Collected material ->
· · · · · · ·

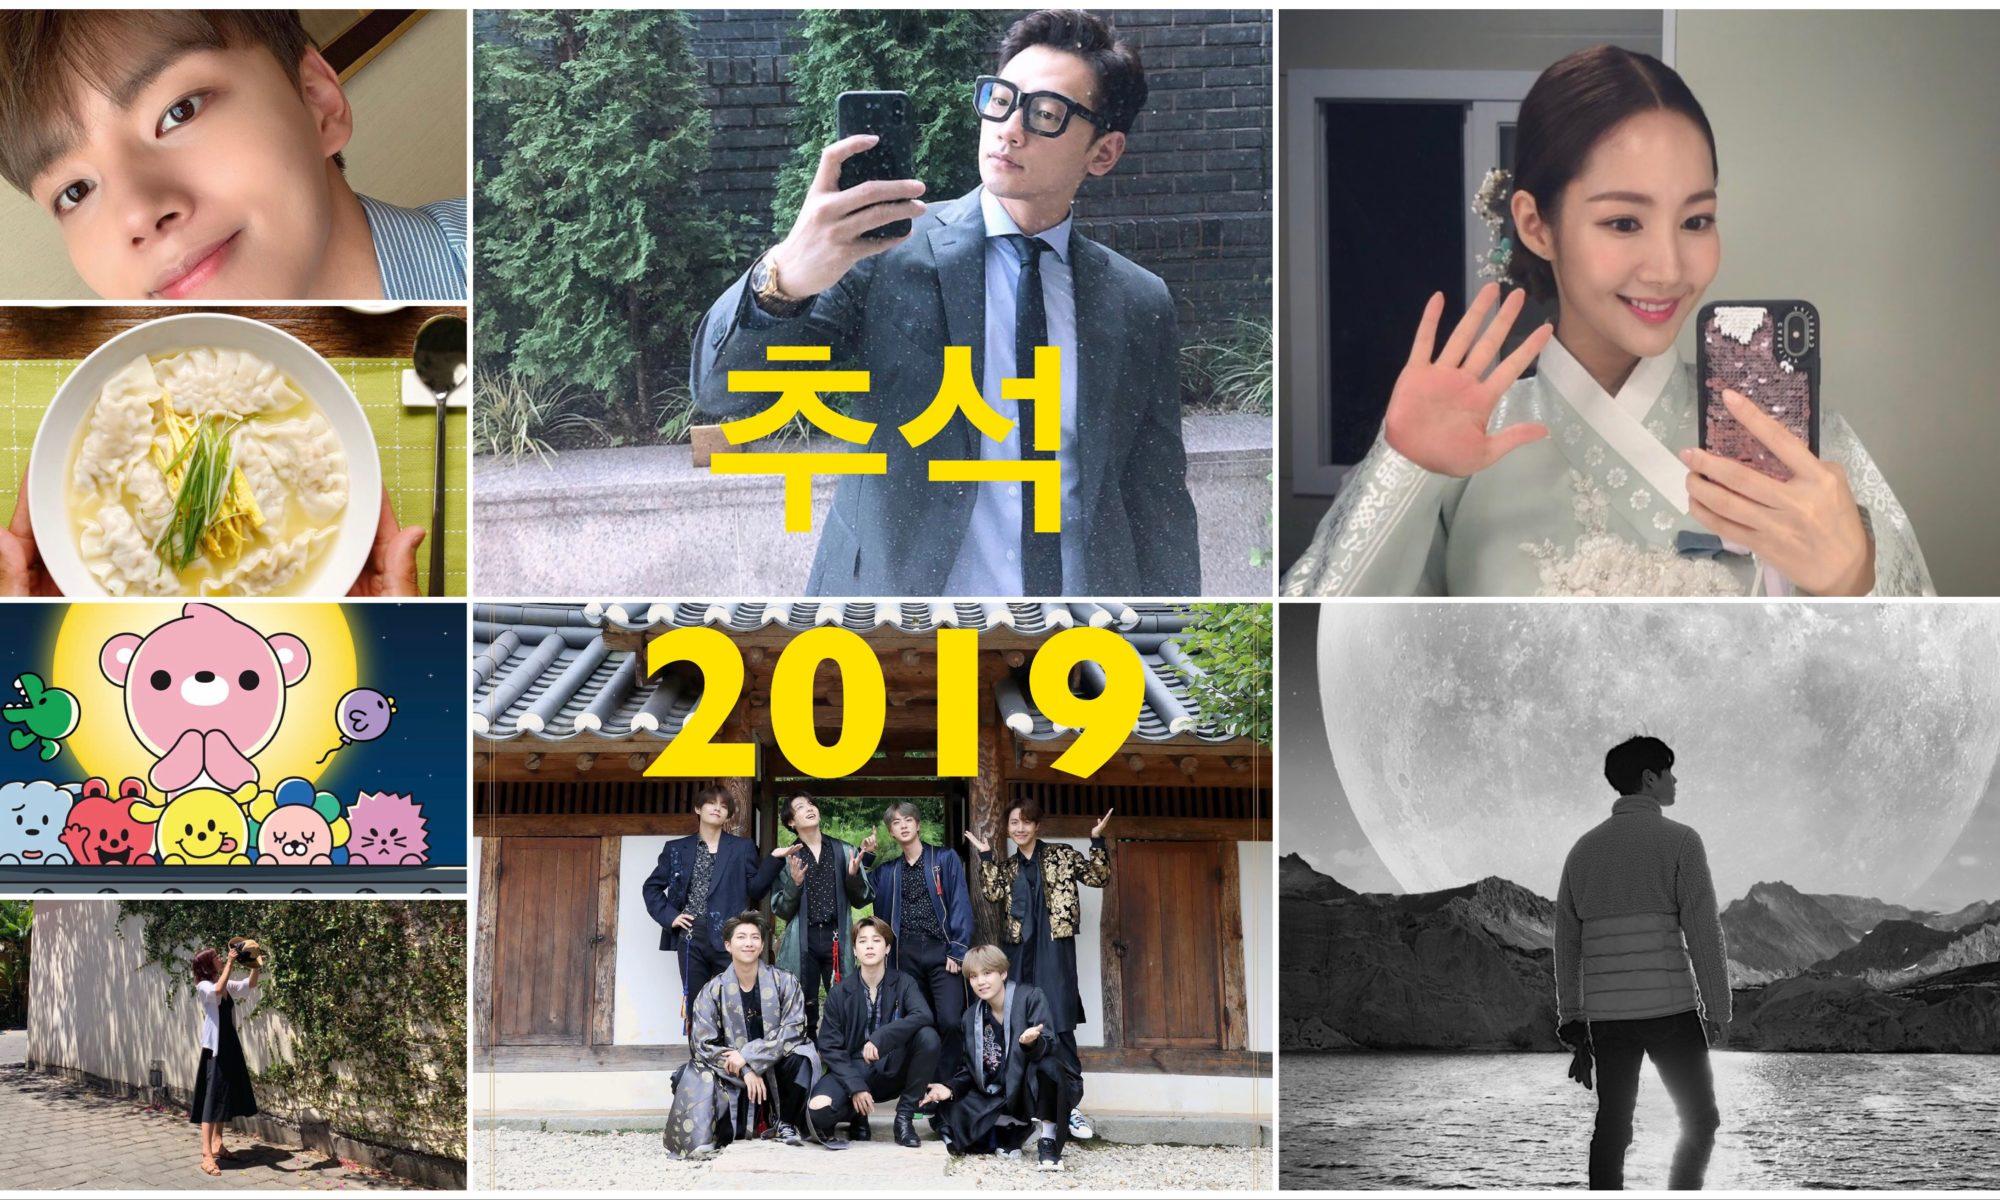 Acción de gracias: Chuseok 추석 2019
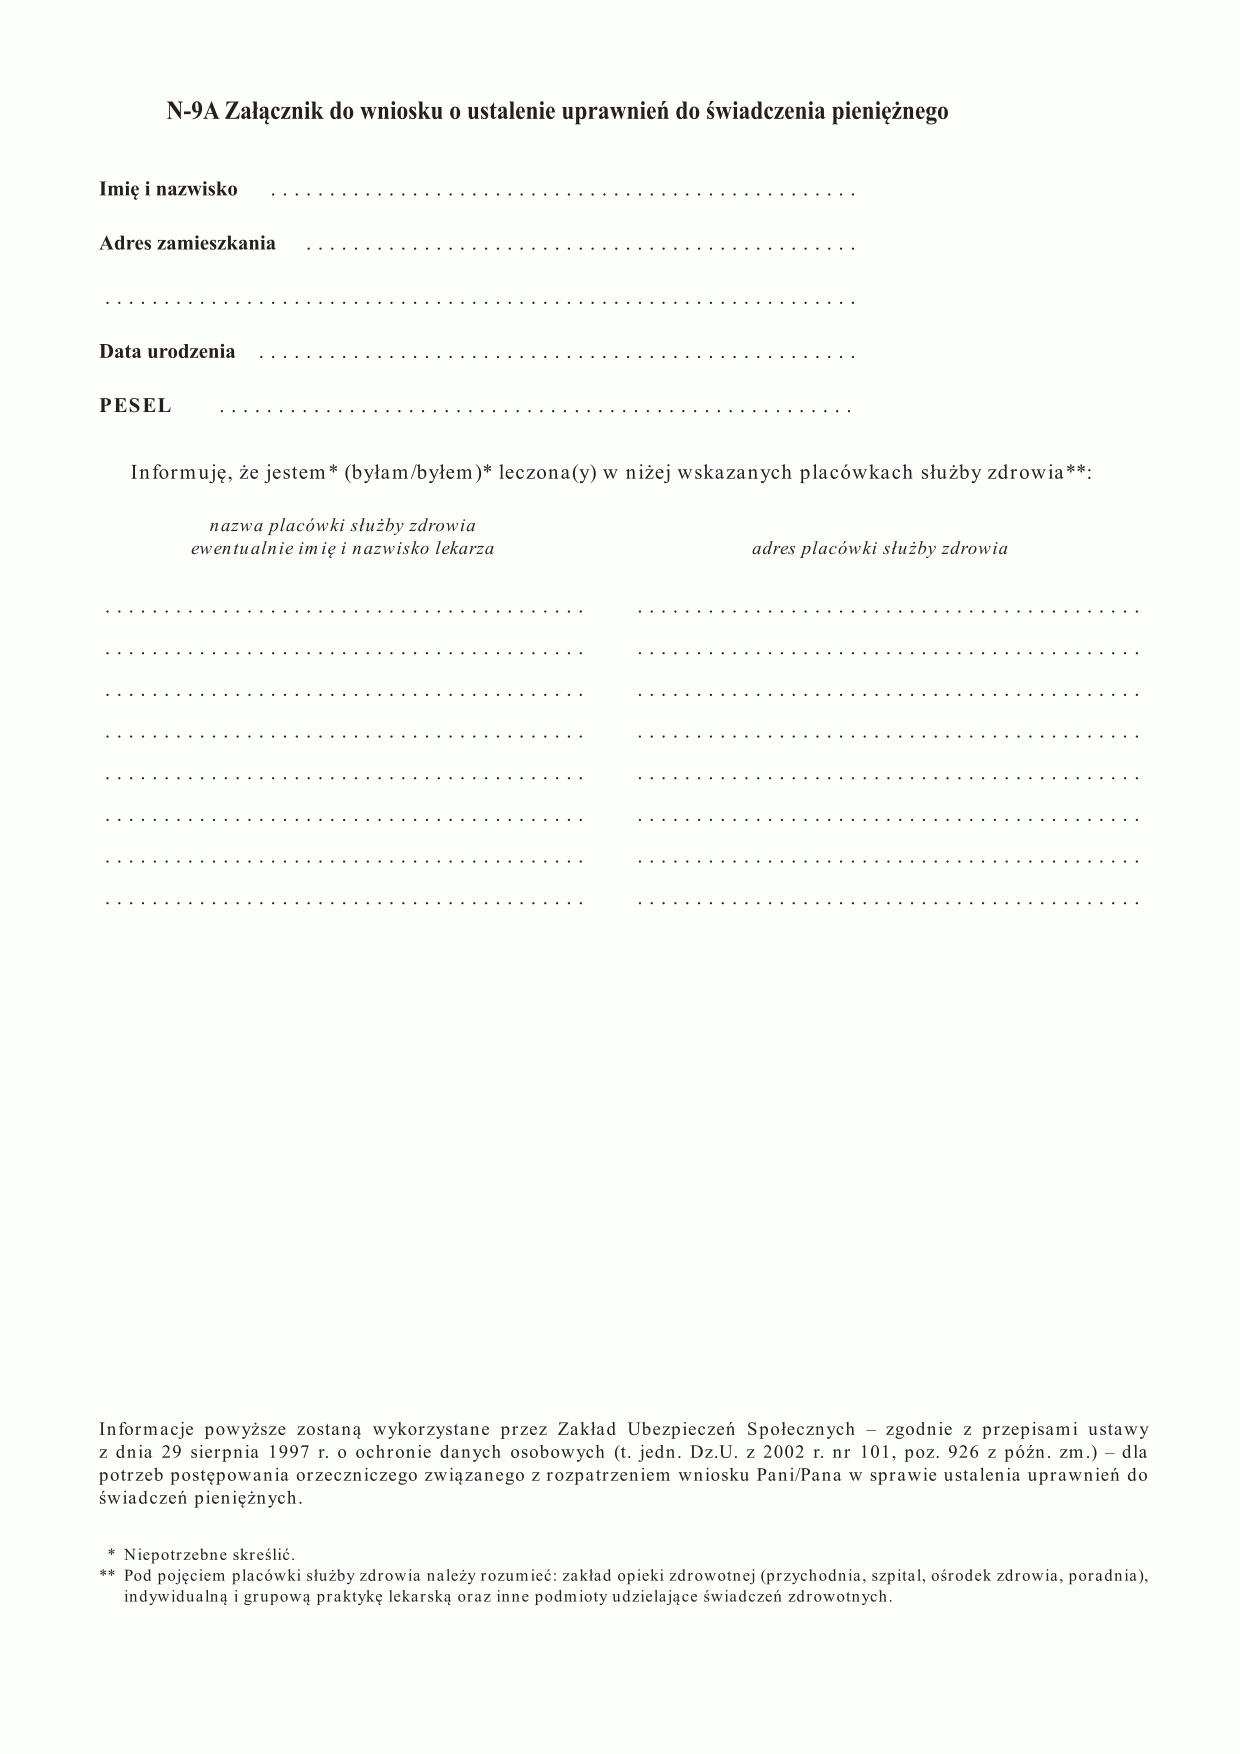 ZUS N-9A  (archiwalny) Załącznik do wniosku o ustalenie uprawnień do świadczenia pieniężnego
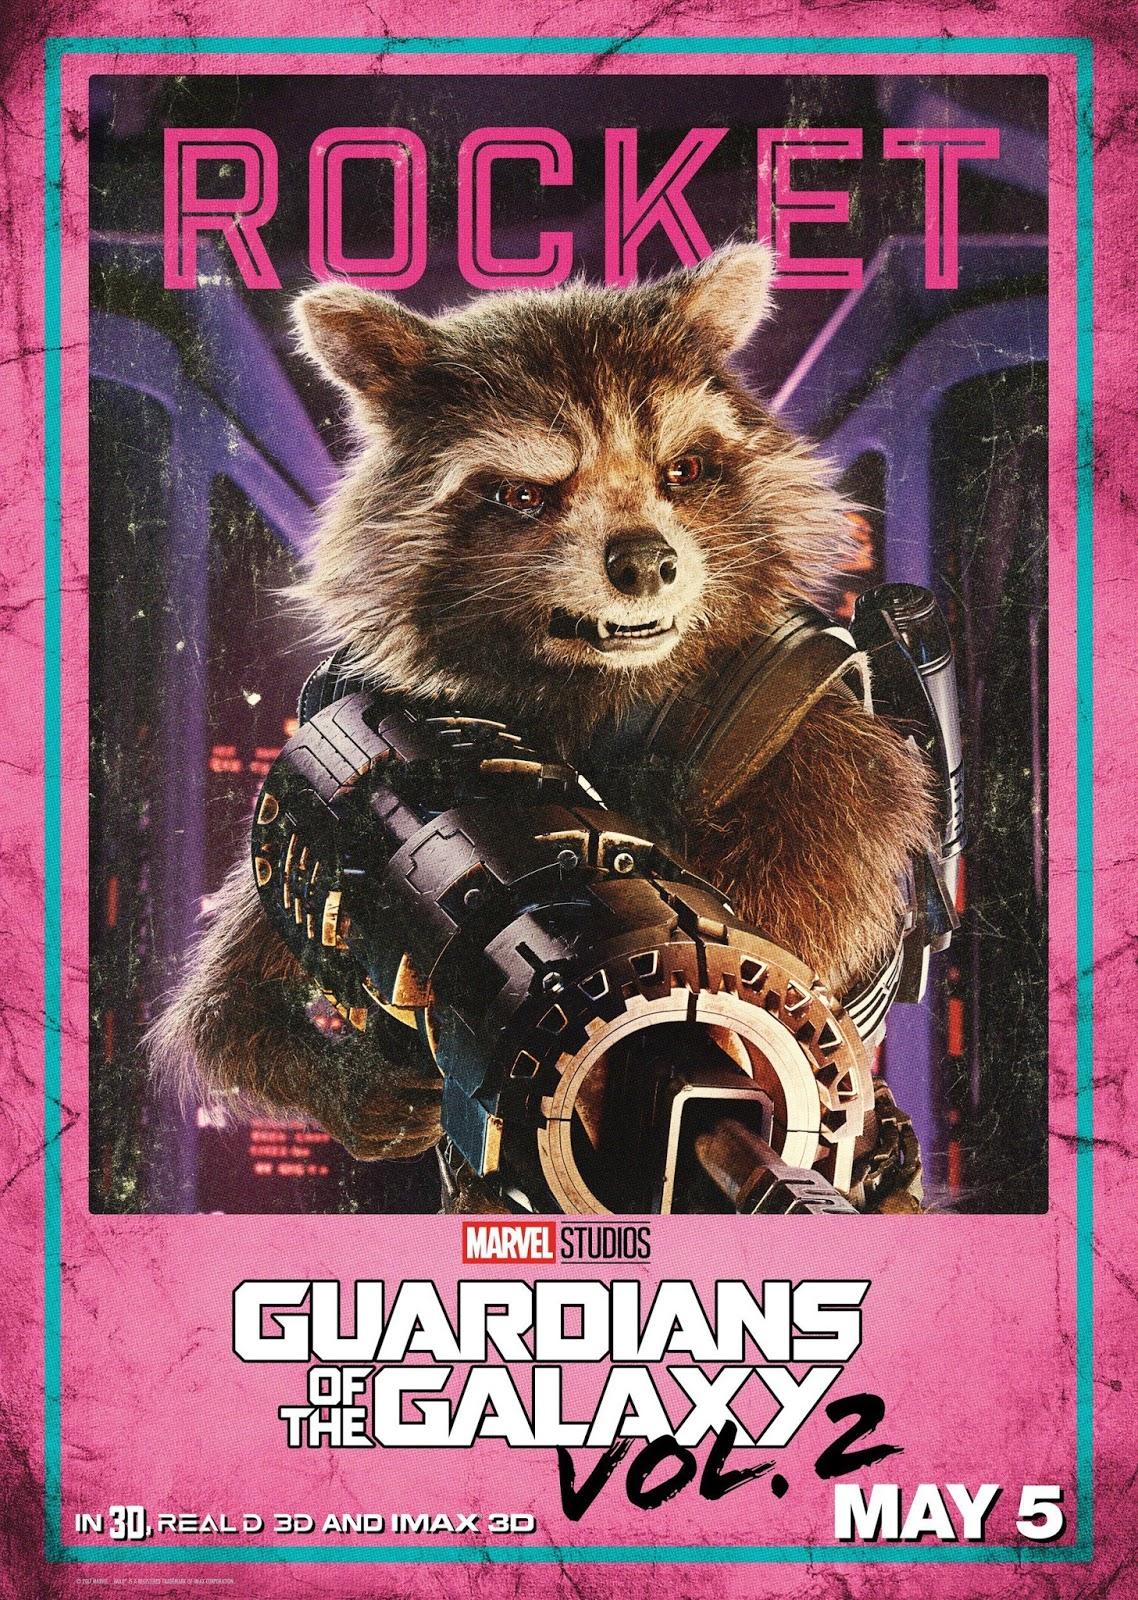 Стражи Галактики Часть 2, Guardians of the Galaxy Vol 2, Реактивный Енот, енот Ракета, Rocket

· · · · · · ·

Exercise directions -> Word for word, return the material, omitting the pictures.

Exercise solution ->
 Acción de gracias: Chuseok 추석 2019
 ZUS N-9A  (archiwalny) Załącznik do wniosku o ustalenie uprawnień do świadczenia pieniężnego
 Стражи Галактики Часть 2, Guardians of the Galaxy Vol 2, Реактивный Енот, енот Ракета, Rocket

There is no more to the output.